**PROBLEM STATEMENT:** Restate the full listing word for word and leave the pictures out.

Top of DATA BELOW

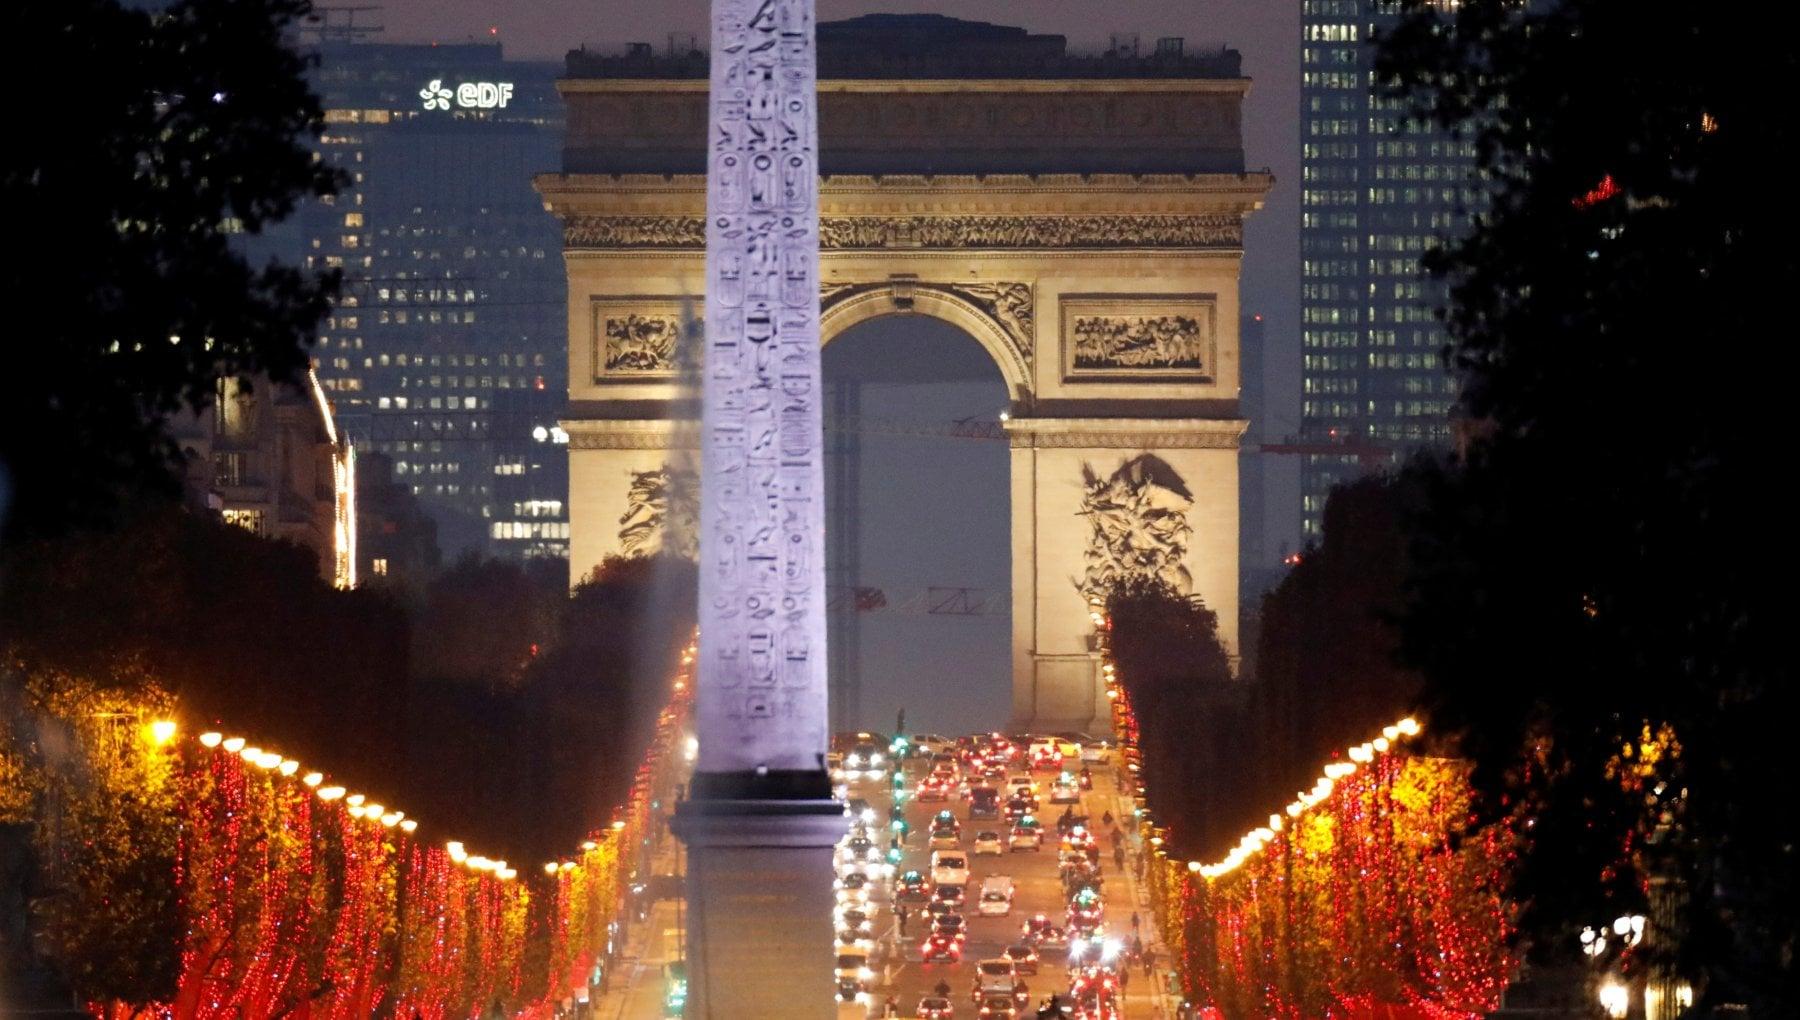 """233712949 40febeb0 81f5 4d7b 81bb 91f0ebd2faec - Covid, il """"mistero"""" di Parigi: così la Ville Lumière sta reggendo alla seconda ondata"""
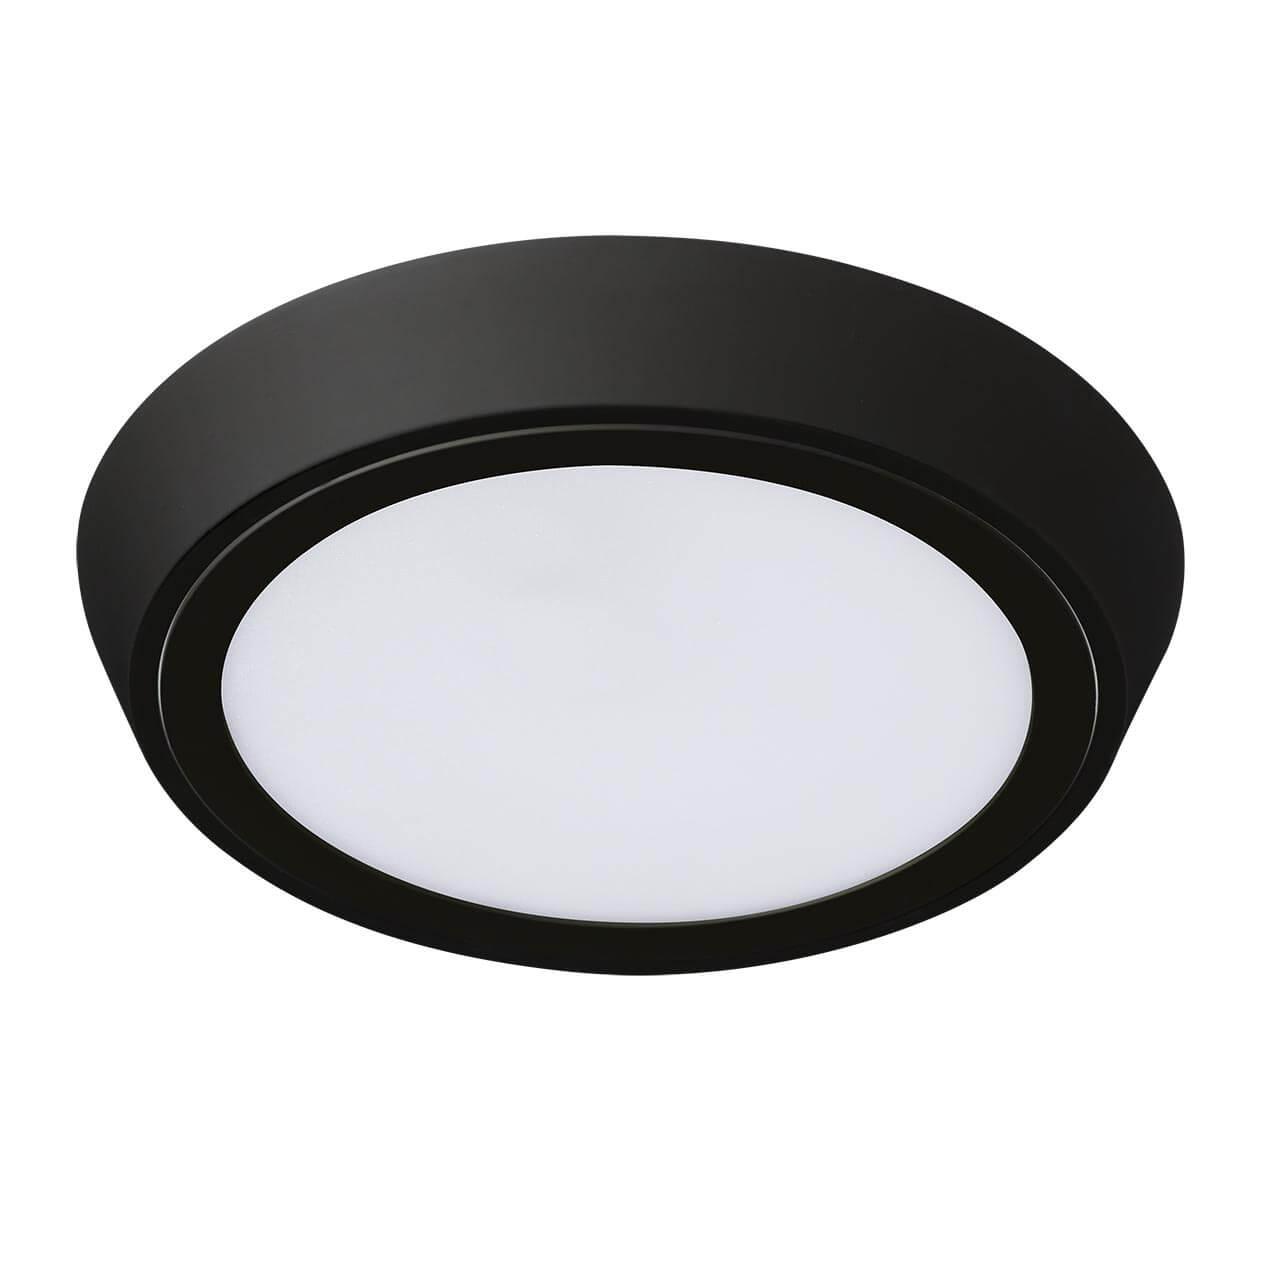 Светильник Lightstar 216972 Urbano
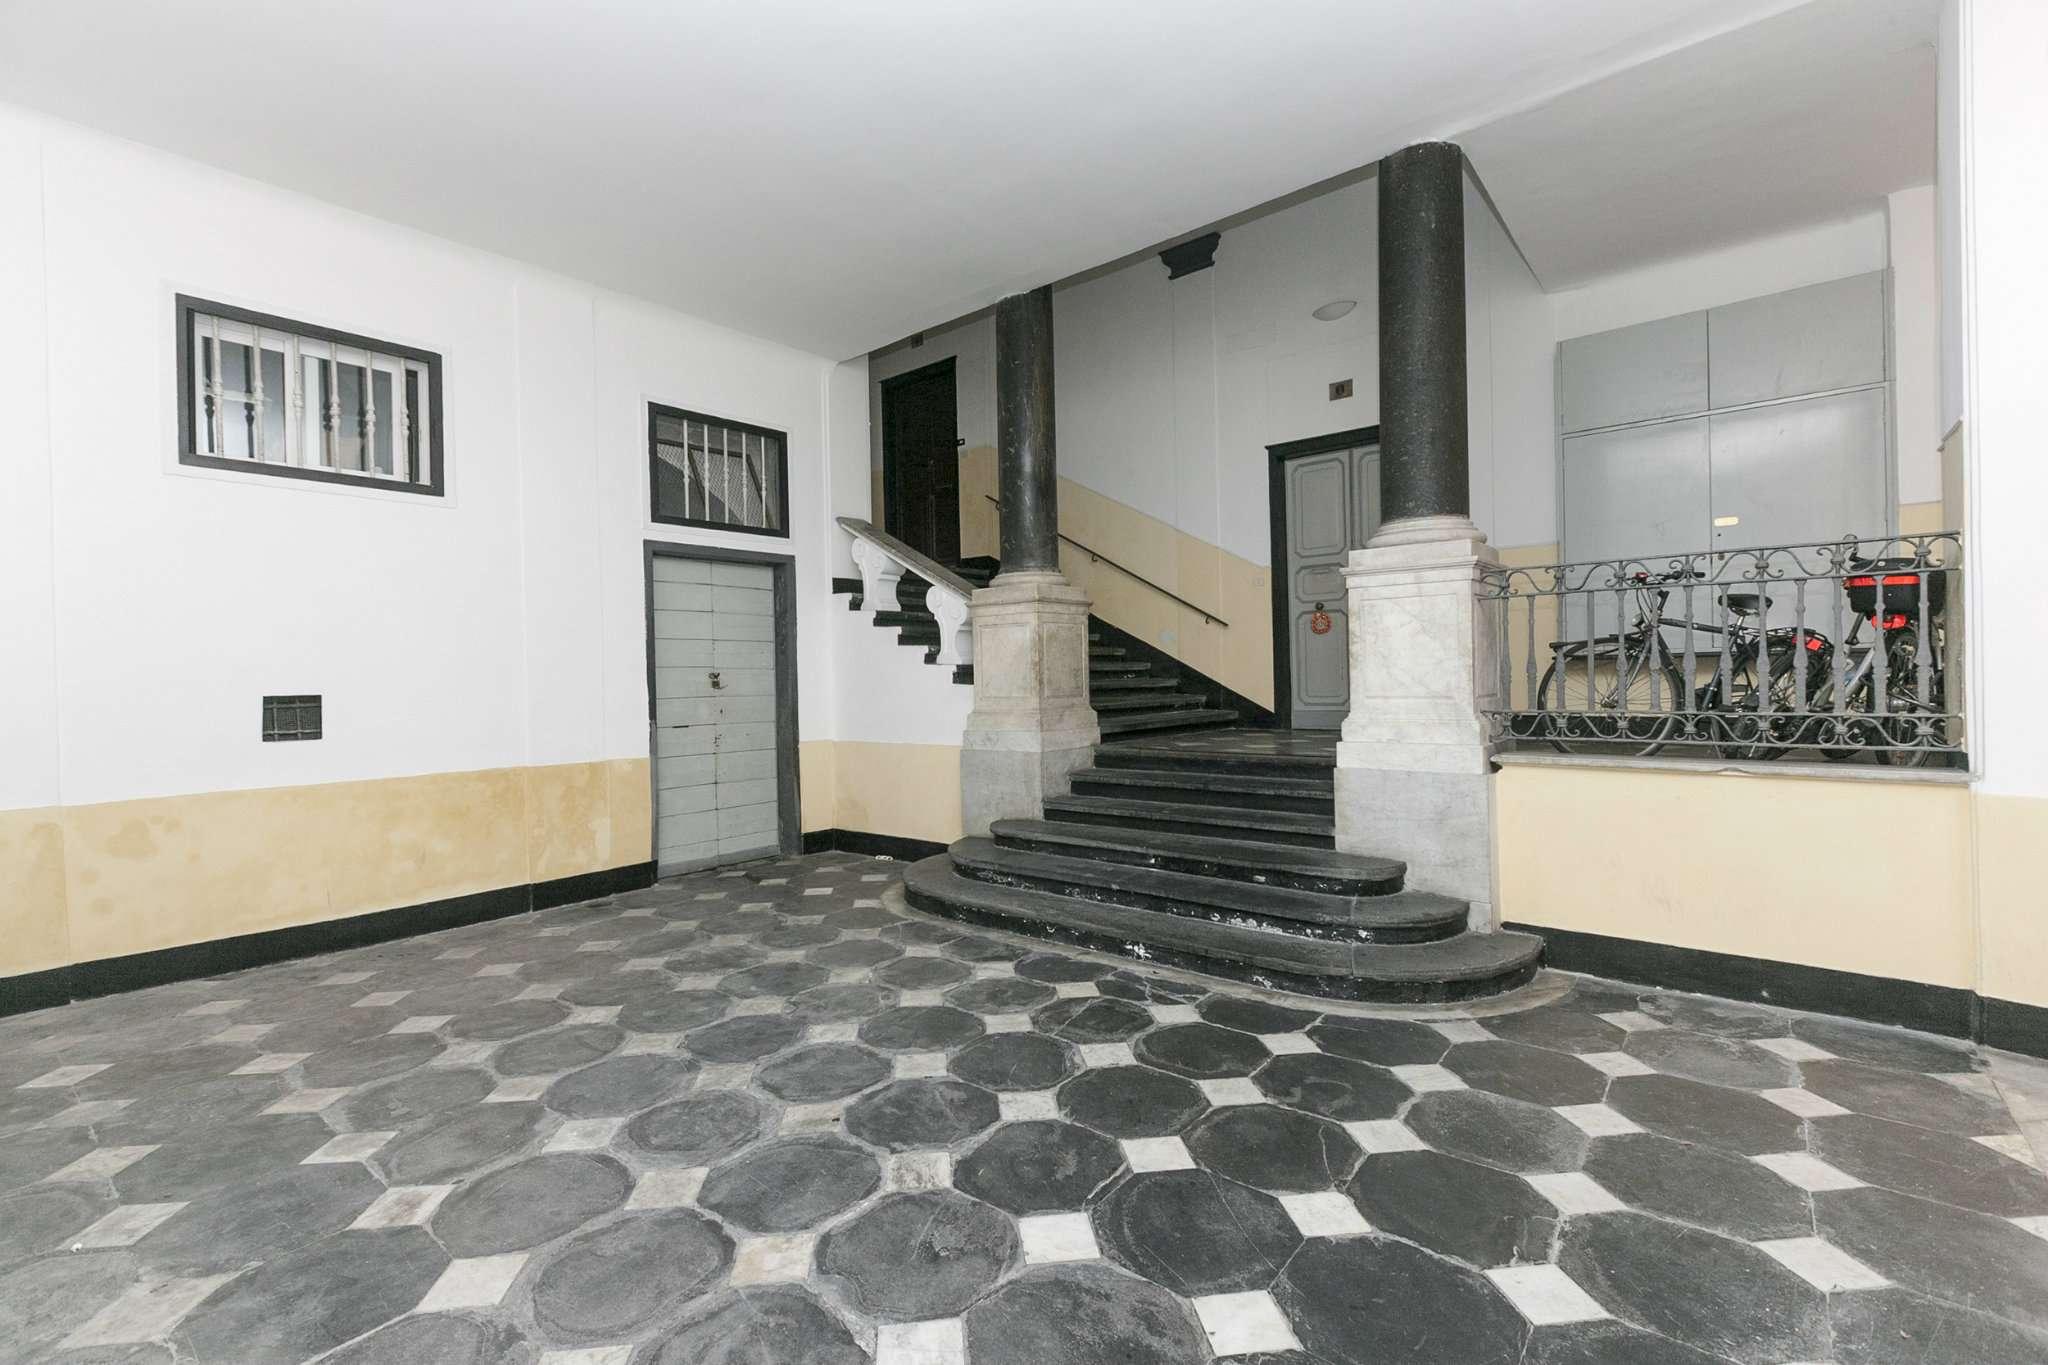 Foto 27 di Loft piazza san marcellino 2, Genova (zona Centro, Centro Storico)

Bottom of DATA BELOW

**RESPONSE:**
 """233712949 40febeb0 81f5 4d7b 81bb 91f0ebd2faec - Covid, il """"mistero"""" di Parigi: così la Ville Lumière sta reggendo alla seconda ondata"""
 Светильник Lightstar 216972 Urbano
 Foto 27 di Loft piazza san marcellino 2, Genova (zona Centro, Centro Storico)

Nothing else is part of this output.